Friday, February 3, 2012

Friday Art & History Feature - Karl Bryullov

Today, I'd like to introduce you to one of my favorite Russian artists - Karl Bryullov.

Briullov's Self Portrait
 Karl Bryullov was born in 1799 in St. Petersburg. His father was an engraver and woodcarver Pavel Briullo. Karl studied at the Imperial Academy of Arts, but he had difficulty embracing the classical style of painting that was taught at the Academy and was influential on his artist brother Alexander. Despite that, Karl was able to distinguish himself among his peers.
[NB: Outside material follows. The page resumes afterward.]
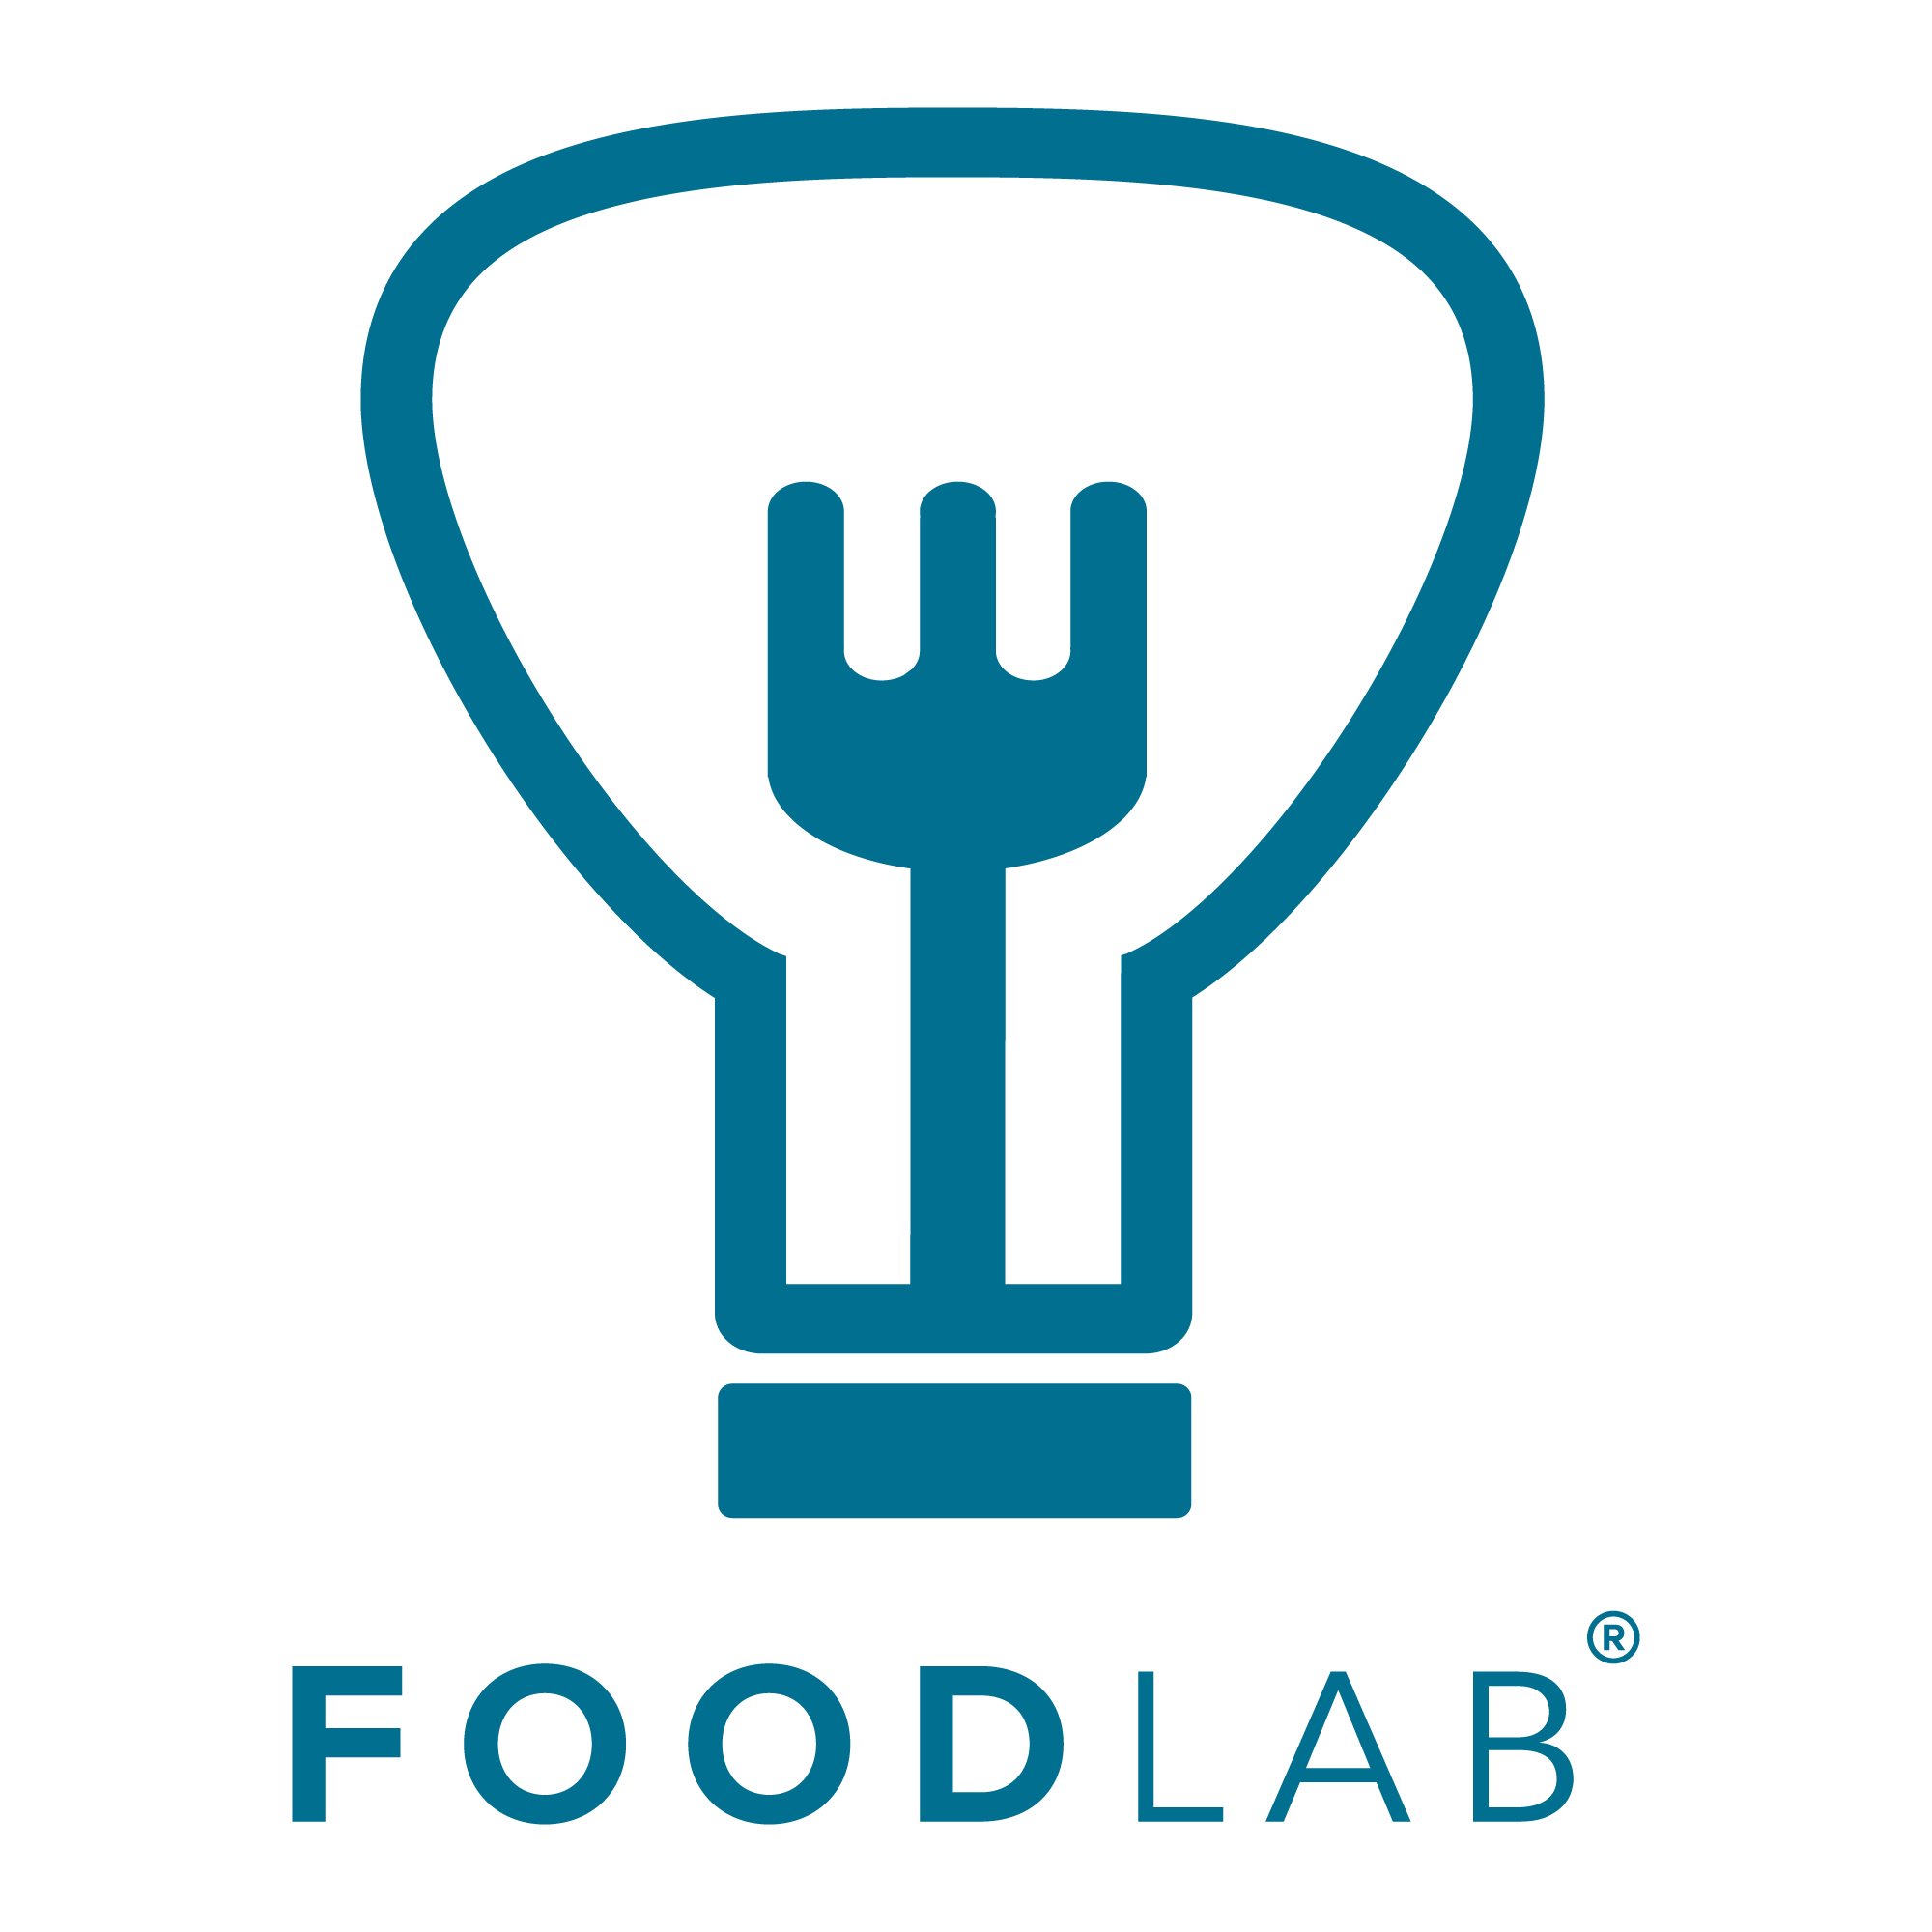 Foodlab logo blue

From the early years of his life, Bryullov was attracted to Italy, a magnetic pull he felt throughout his life, and upon finishing his education at the Academy, he left for Rome, where he worked as mainly as a portraitist. Later on, he began painting massive and epic historical paintings that brought him fame during his lifetime. His most famous historical masterpiece is The Last Day of Pompeii, painted between 1830 and 1833. Once he gained fame as a great painter in Europe, he returned to Russia, eventually attaining a high position at the Imperial Academy of Arts from which he graduated. When his health started deteriorating, he came back to Italy and died there three years later, in June of 1852.

The Last Day of Pompeii
 While in Italy, Bryullov started a relationship with the beautiful Russian aristocrat Countess Yu.Samoilova, who was separated from her husband but not allowed to divorce under the Church laws.  Thus, Bryullov and Samoilova were never able to get married and she remained his mistress for the rest of their life. Samoilova was featured prominently in much of Bryullov's work.

Countess Yulia Samoilova Retiring From Ball
Rider

Bryullov's combination of classical themes, romanticism style and dramatic renditions make his work truly unforgettable.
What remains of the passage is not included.